Often, buyers only care about volume and metrics like daily active users (DAUs) over deeper quality considerations. In reality, most high-DAU data feeds are full of low-quality records.

Bidstream data is a good example: impressive volume, but questionable quality. Bidstream data is collected from bid requests in programmatic advertising. Every time someone uses an app on their phone and an advertisement pops up, it routes back data such as device ID and IP address to the ad servers. In this case, the location data is derived from cached information stored within the phone’s location settings or by converting IP addresses to default coordinates (lat/long). These methods return highly inaccurate location data.

Bidstream, even though offering high volumes, is considered one of the lowest-quality sources of location data. So, despite a weak reputation and known flaws, why do businesses still use Bidstream? The answer: they are cheap! But you get what you pay for.

The Solution: Identify Bidstream Data and Seek Mobile Location Data

There are a few easy identifiers of Bidstream data. Check if your vendor is sharing specific app names. App names are typically only provided if the data is being gathered via Bidstream. Apps in the Religious and Lifestyle & Health categories are considered sensitive and personal, and disclosure of such information is in violation of developer guidelines and data privacy laws, both for the sellers and buyers. The presence of app names in a dataset is a dead giveaway that the data has been procured from real-time bidding (RTB), where location data is a ‘by-product’).

Also, check if your data supplier is providing GPS data. Dataset derived from the Bidstream via reverse IP lookup will not have GPS signals. Being aware of these details is valuable when evaluating location data sources.

Better-informed businesses typically use mobile location data or GPS data. In this case, an SDK collects the user's real-world GPS location from the apps on the user's phone. This type of location data requires a direct integration of the SDK into individual applications, so the volumes will be significantly lower compared to Bidstream. SDKs collect high-precision GPS location data promising more accuracy and reliability. Ask your vendor about their data sources! Conducting proper knowledge transfer and evaluation of data before making a purchase decision can reveal the most glaring issues upfront, saving you valuable time and business resources.

However, improper handling of SDK-derived location data can also result in the degradation of quality. Issues like high data preparation costs, duplicates, and fraudulent records are common with mobile location data.

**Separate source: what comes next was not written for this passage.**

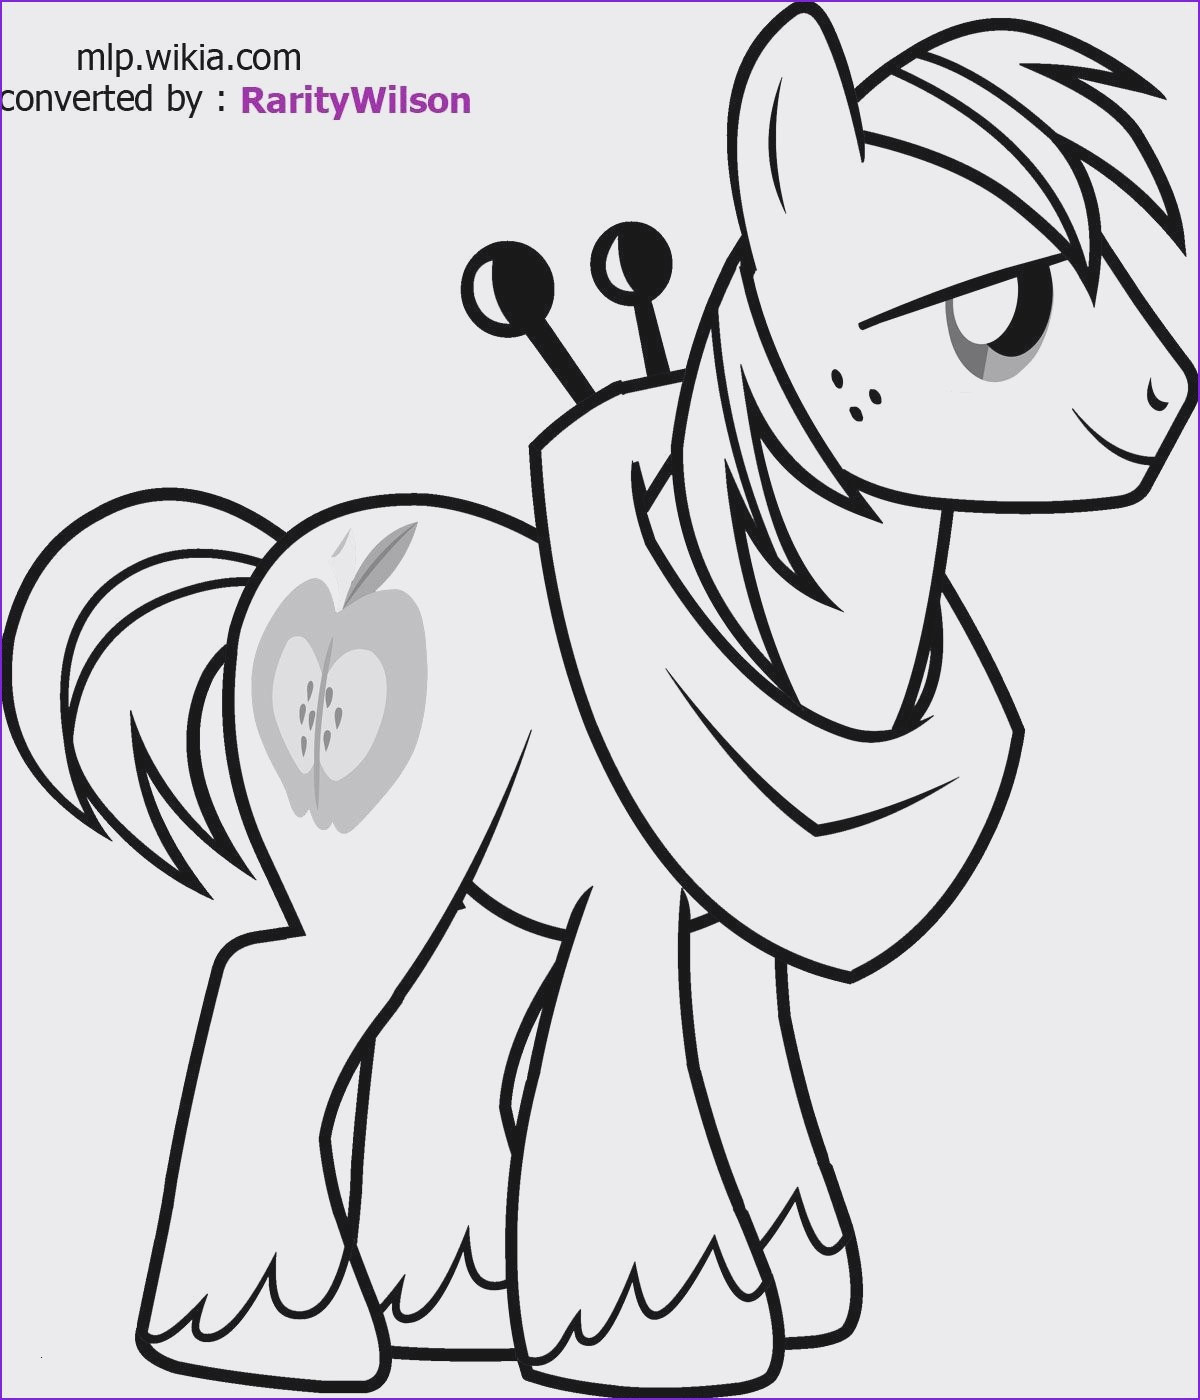 My Little Pony Rainbow Dash Ausmalbilder Neu 40 My Little Pony Friendship is Magic Ausmalbilder Scoredatscore Bilder

Cleaning and Normalizing Location Data is Complex and Costly

Raw Mobile Location Data is often riddled with issues such as missing fields, irregular timestamps, wrongly formatted values, etc. In a location dataset, attributes such as device ID, latitude, longitude, horizontal accuracy, and IP address are all important, and if any of these fields contain invalid or unrealistic data, the entire row becomes worthless.

Processing high volumes of data on a regular basis can be tedious, time-consuming, and require powerful processing infrastructure. Additional data preparation is not only expensive, most businesses do not have in-house infrastructure and resources for it, and prefer plug-and-play data for their analytical platforms and apps. Moreover, excessively filtering location data can reduce the number of records to a degree where it is impossible to derive insights from them.

The Solution: Assess Vendors’ In-House Quality Assurance

Without proper quality assessment, you are likely to be burdened with preparing the raw data for analysis yourself, which can be time-consuming and expensive. Most capable data practitioners have in-house teams and processes to clean, normalise and prepare data before transferring it to customers.

At Quadrant, we have built a proprietary Data Noise Algorithm to cleanse data sets and offer ready-to-use mobile location data that requires little to no preparation. Those who understand the location data industry know which sources are reliable and have experience identifying and correcting flaws, rather than drastically reducing data counts. Buyers are advised to ask vendors about their data normalisation process and test sample data for missing and incorrect values.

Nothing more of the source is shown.